*Directions*: Everything in the data should be repeated exactly, save for the images.

*Raw data*:
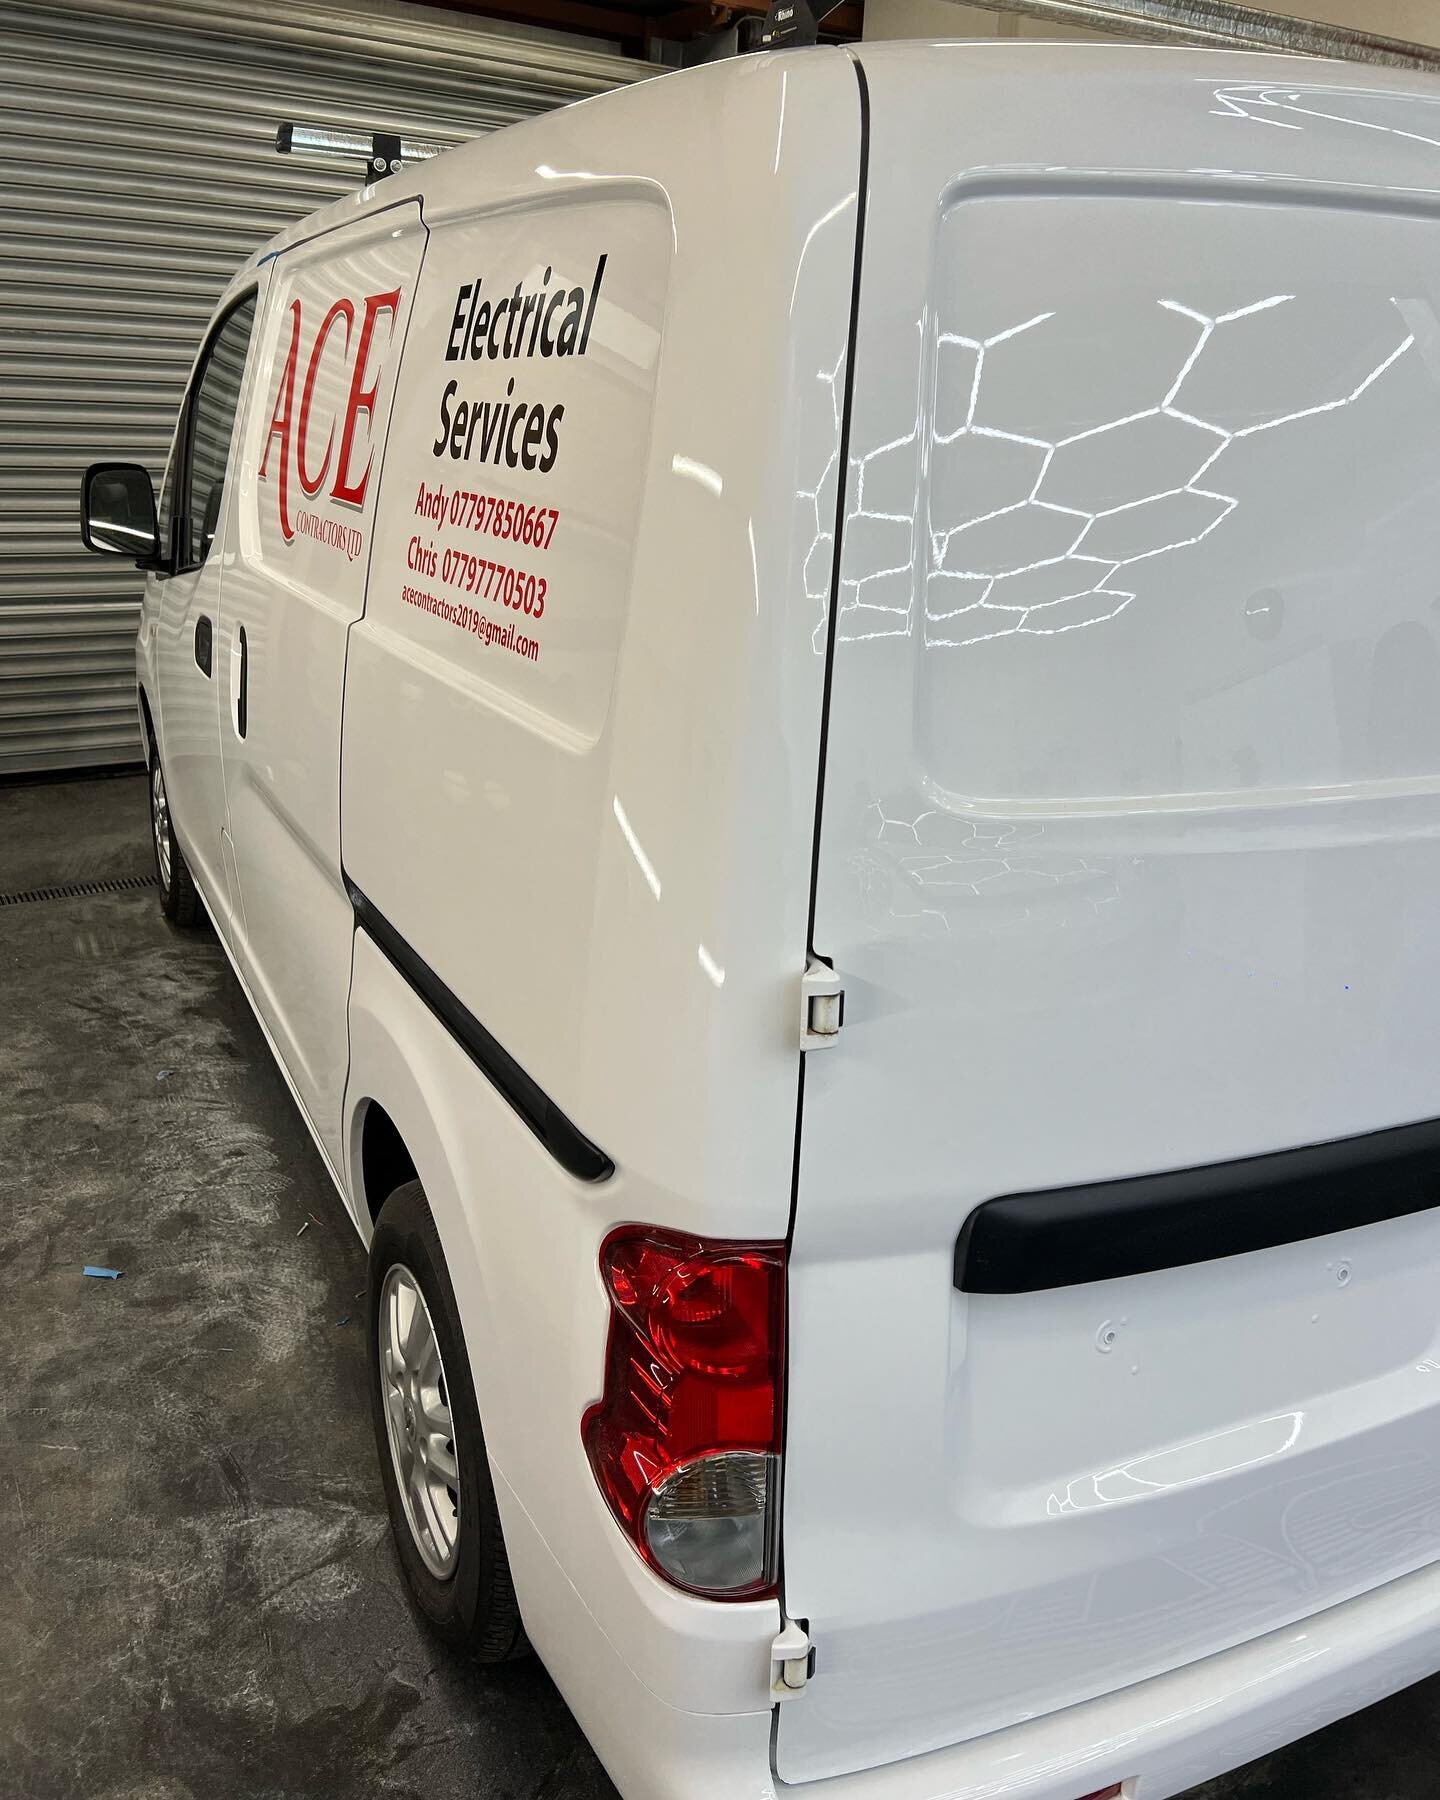 We recently paint corrected and ceramic coated 3 work vans for the lads at Ace Electrical Services. First impressions are everything and these vans look amazing! Thanks lads they look amazing! 😎👌🏻 #detailing #gyeoncertifieddetailer #workvans #cera
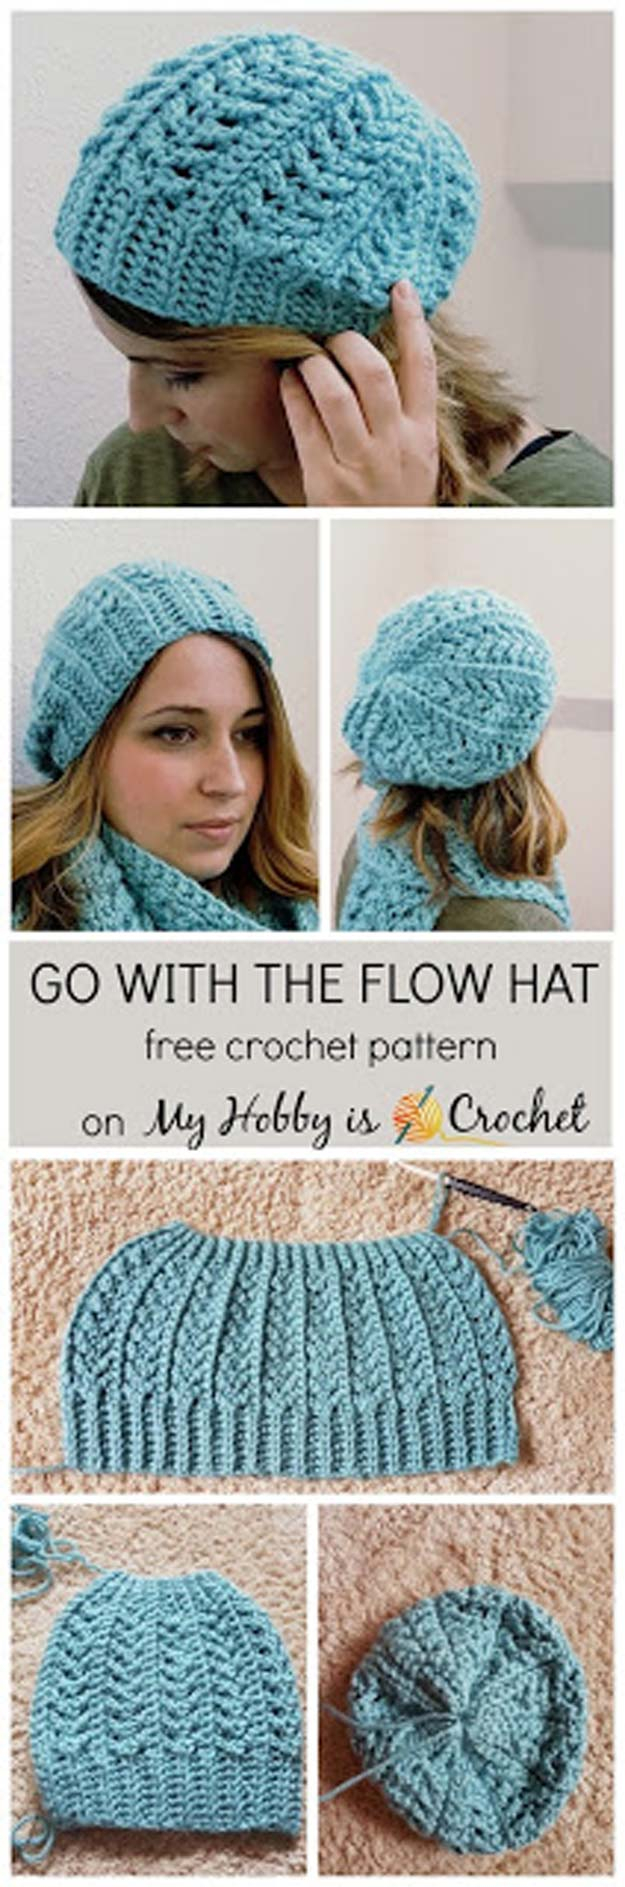 Begginer Crochet Projects Easy Patterns 45 Fun And Easy Crochet Projects
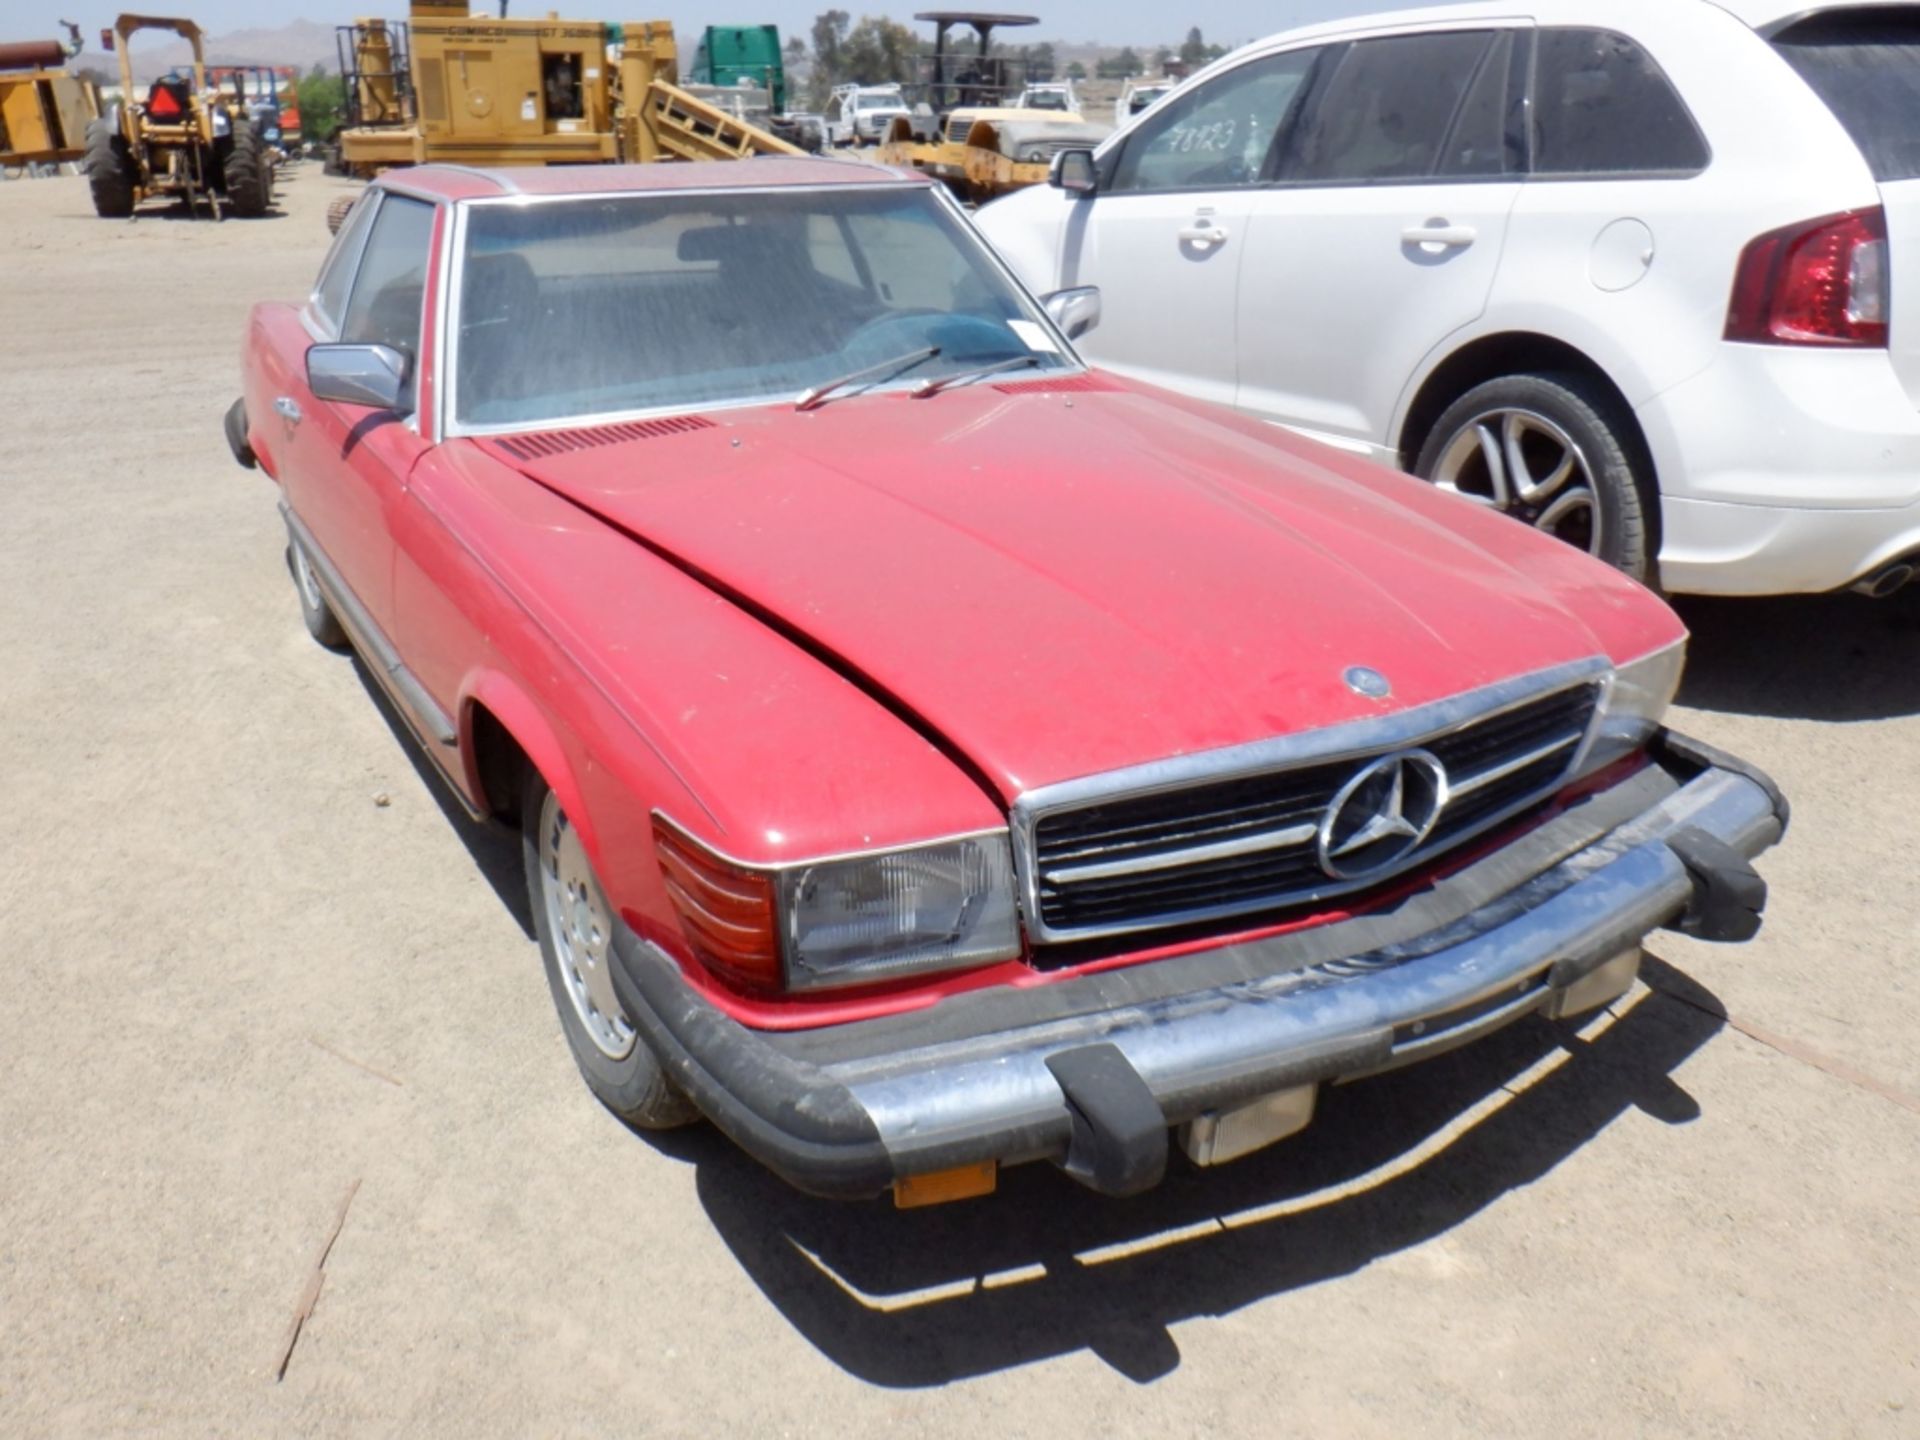 Mercedes Benz 500SL Coupe, - Image 2 of 16
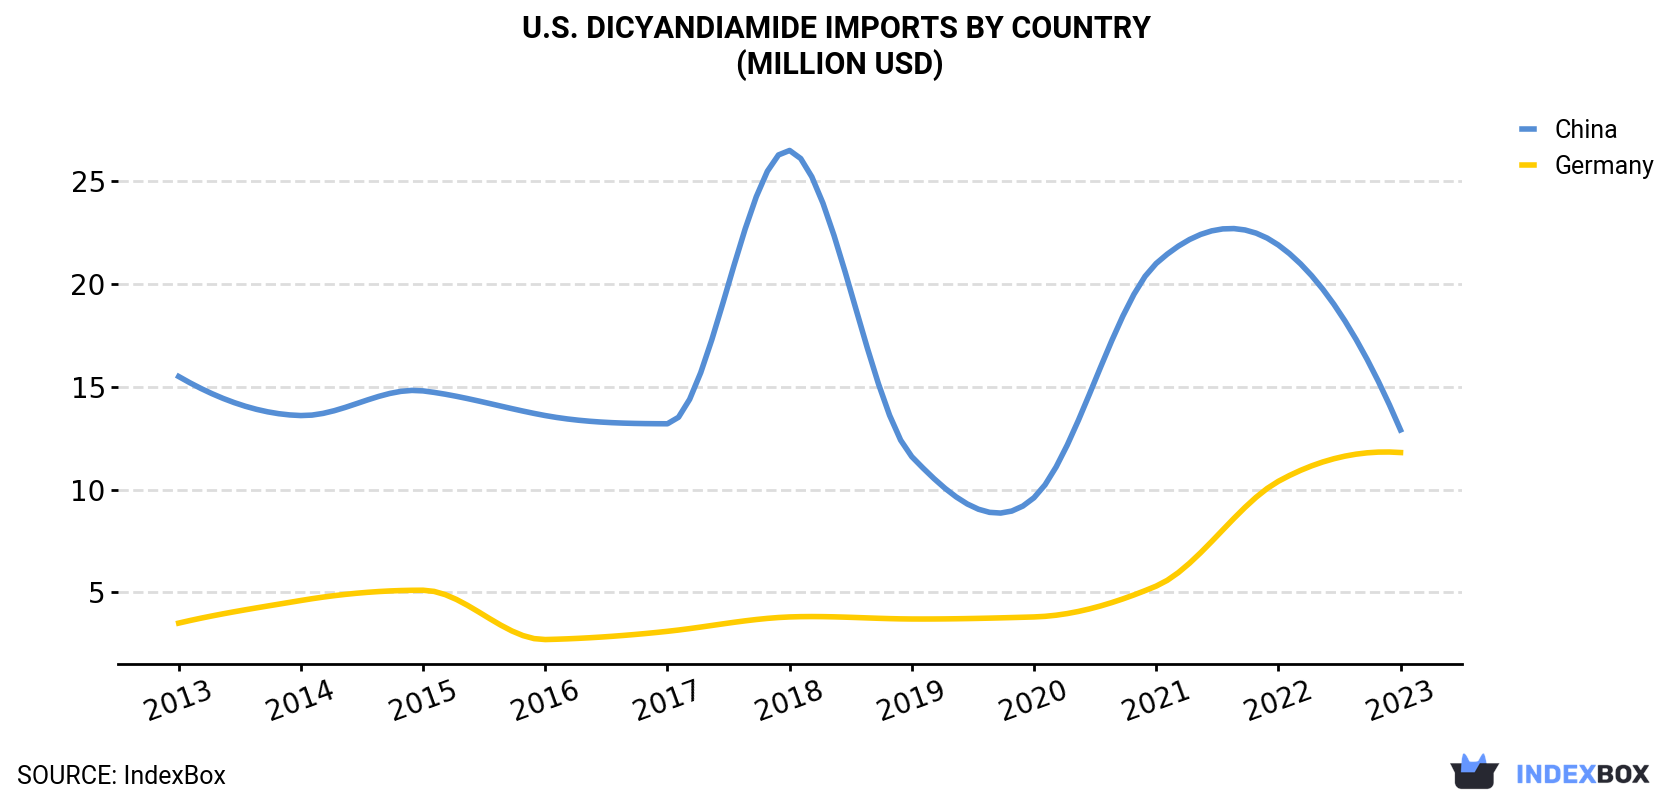 U.S. Dicyandiamide Imports By Country (Million USD)

*Expected output*:
 We recently paint corrected and ceramic coated 3 work vans for the lads at Ace Electrical Services. First impressions are everything and these vans look amazing! Thanks lads they look amazing! 😎👌🏻 #detailing #gyeoncertifieddetailer #workvans #cera
 Begginer Crochet Projects Easy Patterns 45 Fun And Easy Crochet Projects
 Mercedes Benz 500SL Coupe, - Image 2 of 16
 U.S. Dicyandiamide Imports By Country (Million USD)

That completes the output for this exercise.